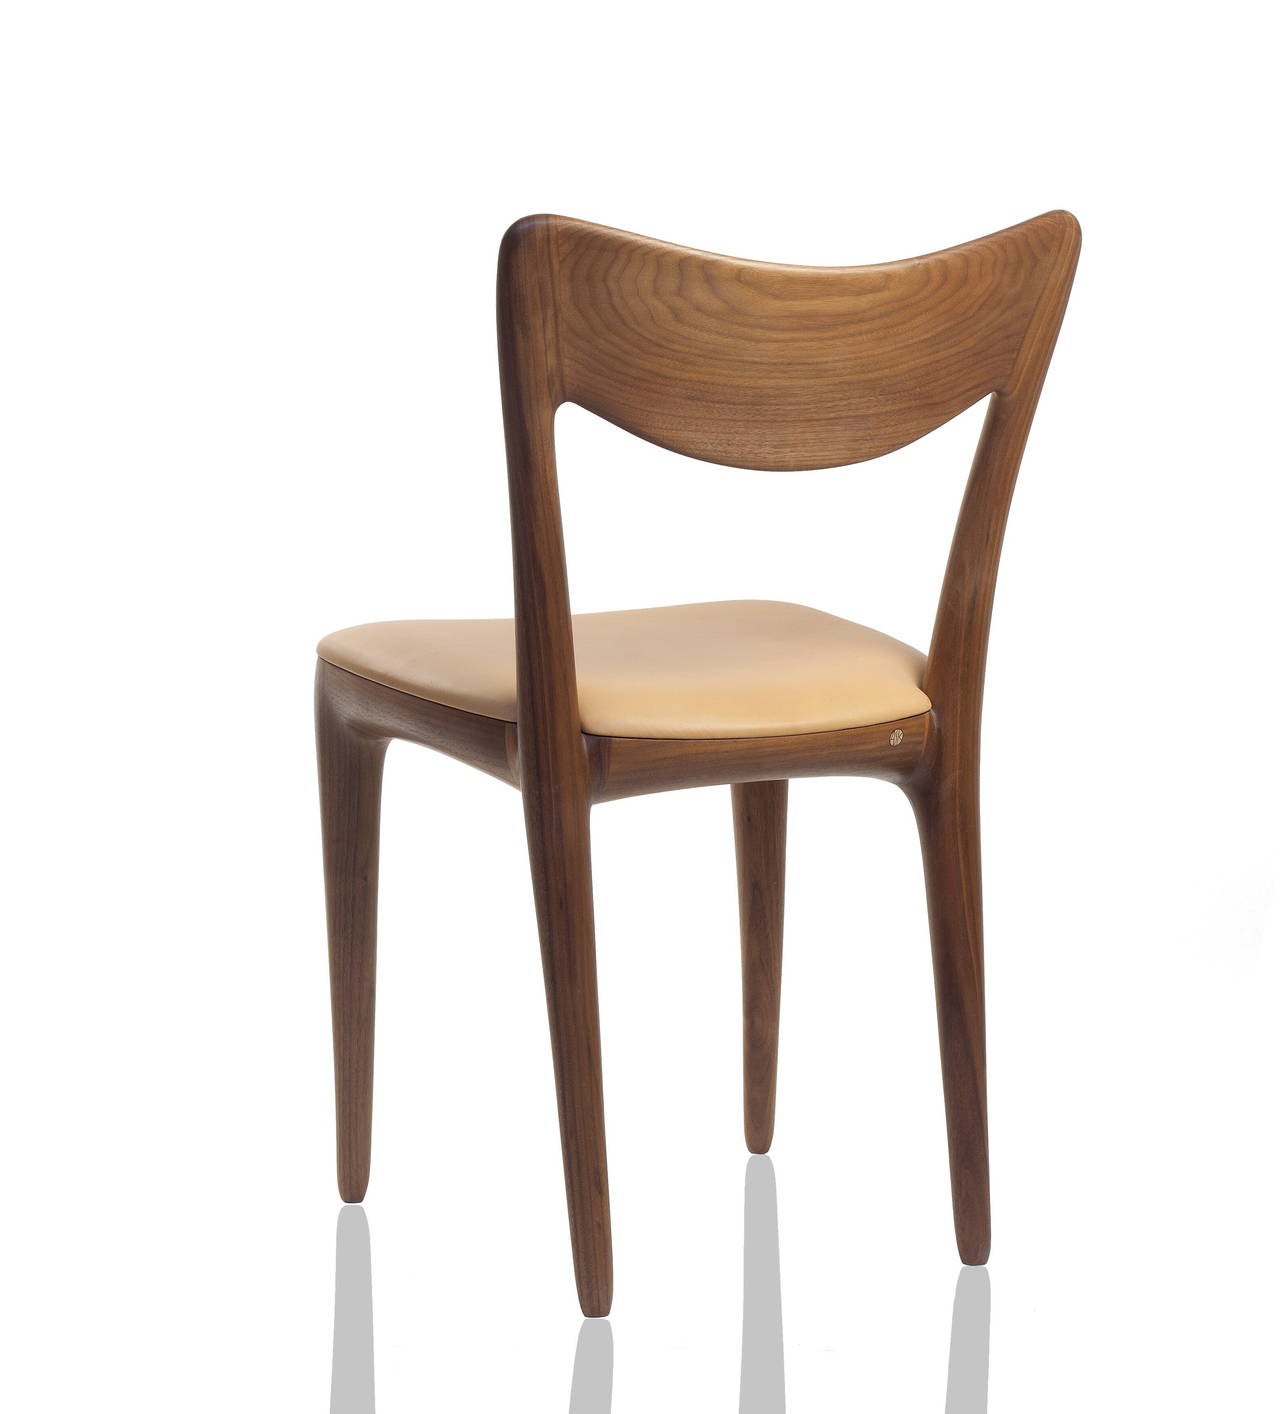 Chaises de salle à manger Kora, conçues et fabriquées personnellement à la main par Ask Emil Skovgaard, Danemark. Édition limitée.
Mesures : Hauteur du siège 45 cm, (17.7
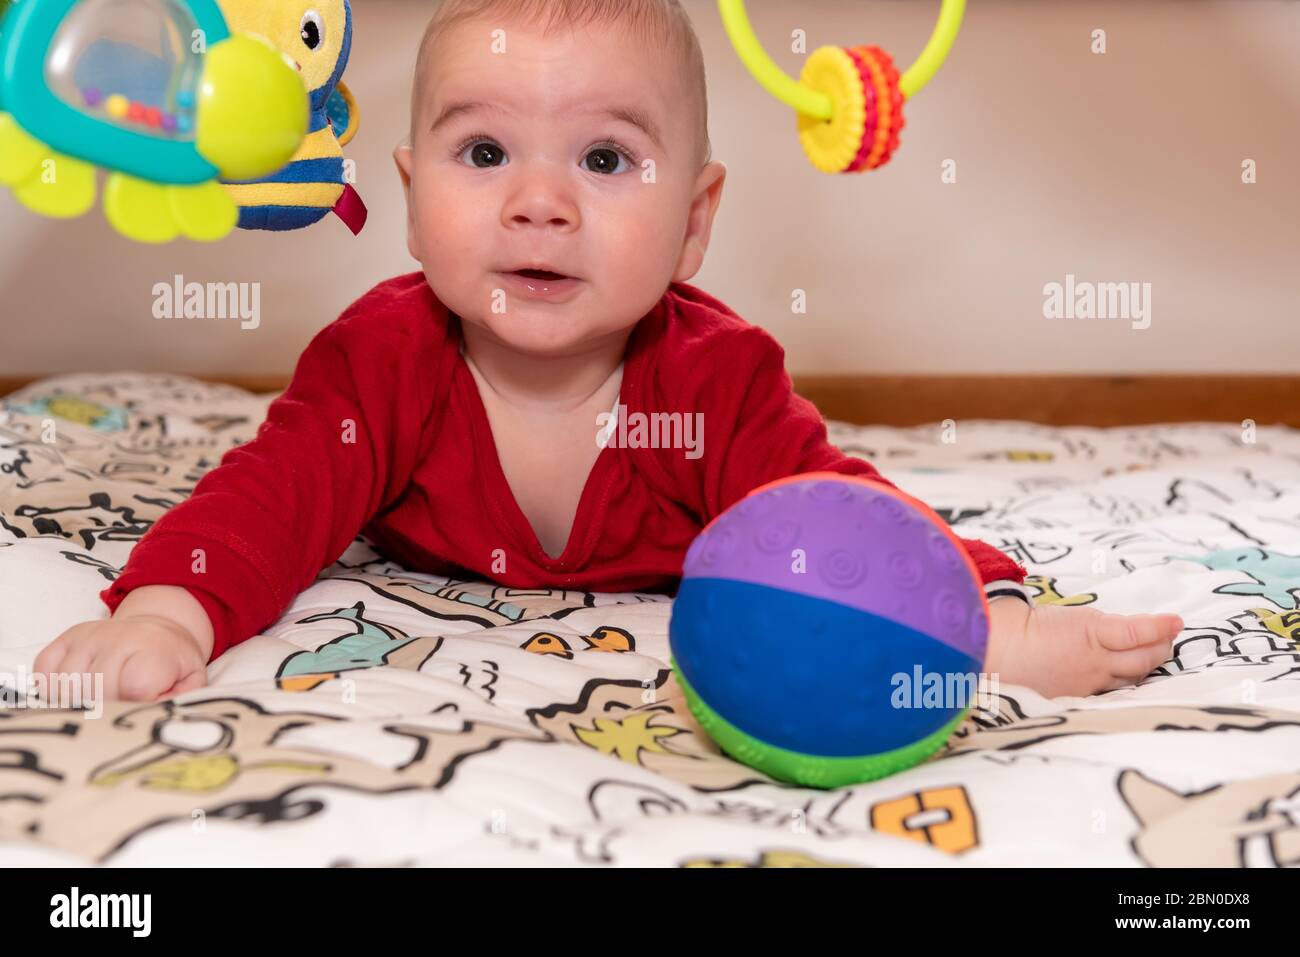 Un petit garçon mignon pendant le ventre, regardant l'appareil photo. enfant de 6 mois avec expression de curiosité sur son visage entouré de jouets colorés. Banque D'Images
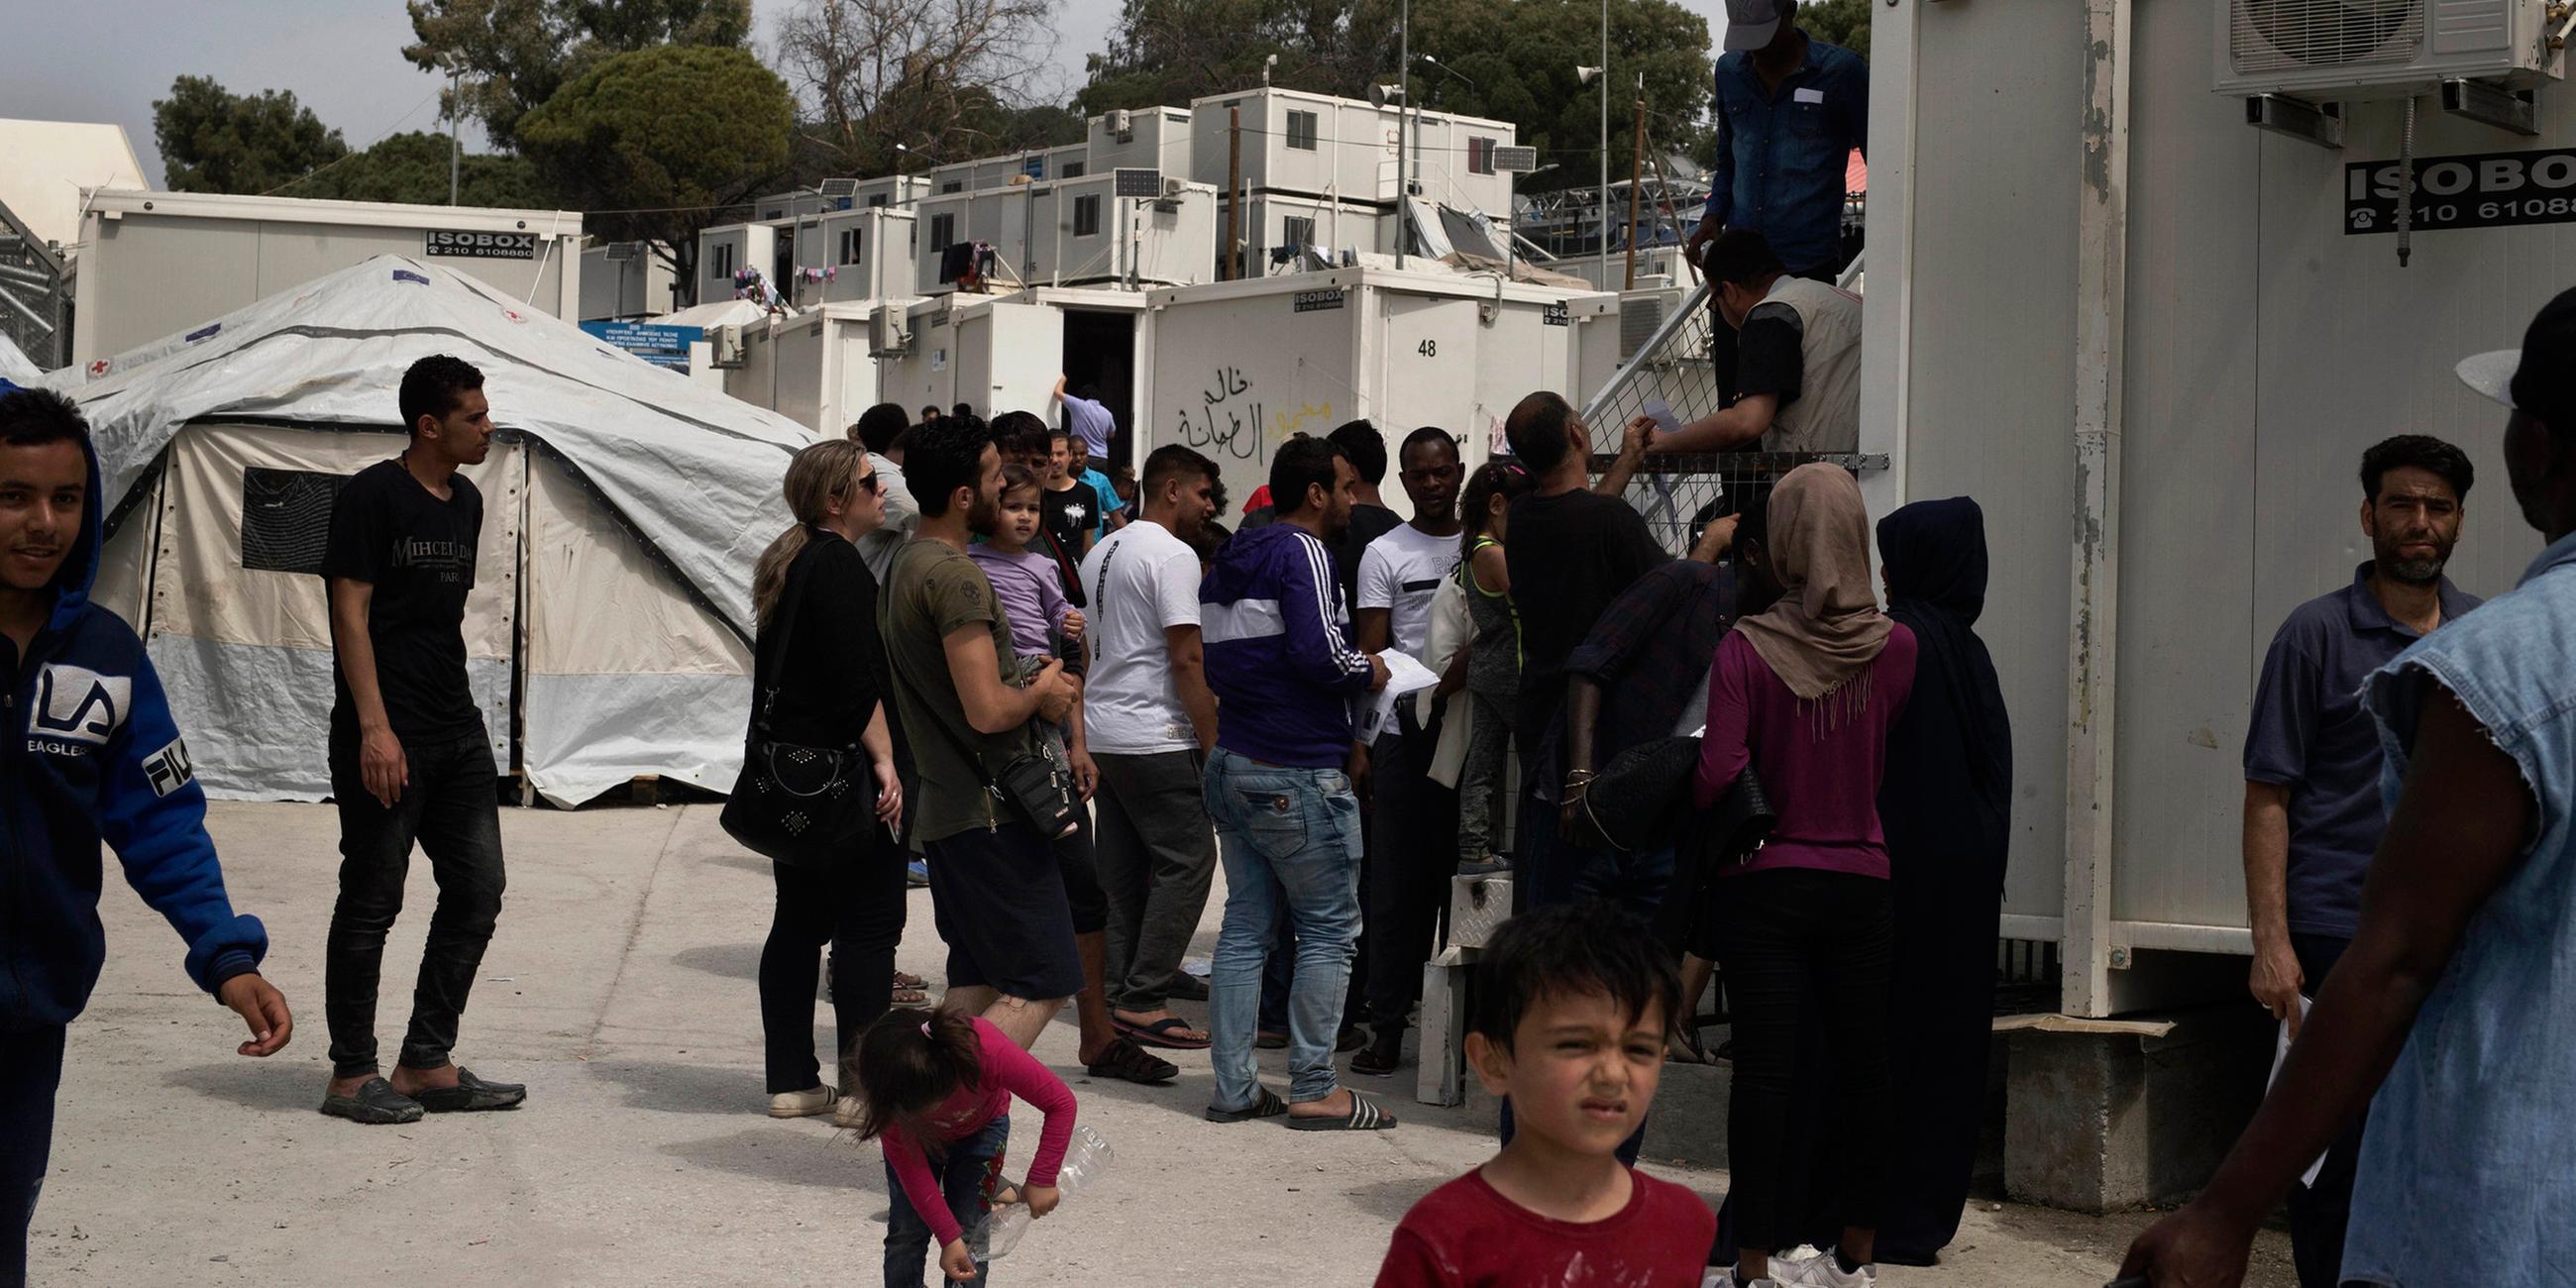 Archiv: Flüchtlinge in einem Lager am 04.05.2018 auf Lesbos

**Your objective:**
Repeat the full listing above exactly, with no pictures in the copy.

**Reply:**
 Chaises de salle à manger Kora, conçues et fabriquées personnellement à la main par Ask Emil Skovgaard, Danemark. Édition limitée.
Mesures : Hauteur du siège 45 cm, (17.7
 Un petit garçon mignon pendant le ventre, regardant l'appareil photo. enfant de 6 mois avec expression de curiosité sur son visage entouré de jouets colorés. Banque D'Images
 Archiv: Flüchtlinge in einem Lager am 04.05.2018 auf Lesbos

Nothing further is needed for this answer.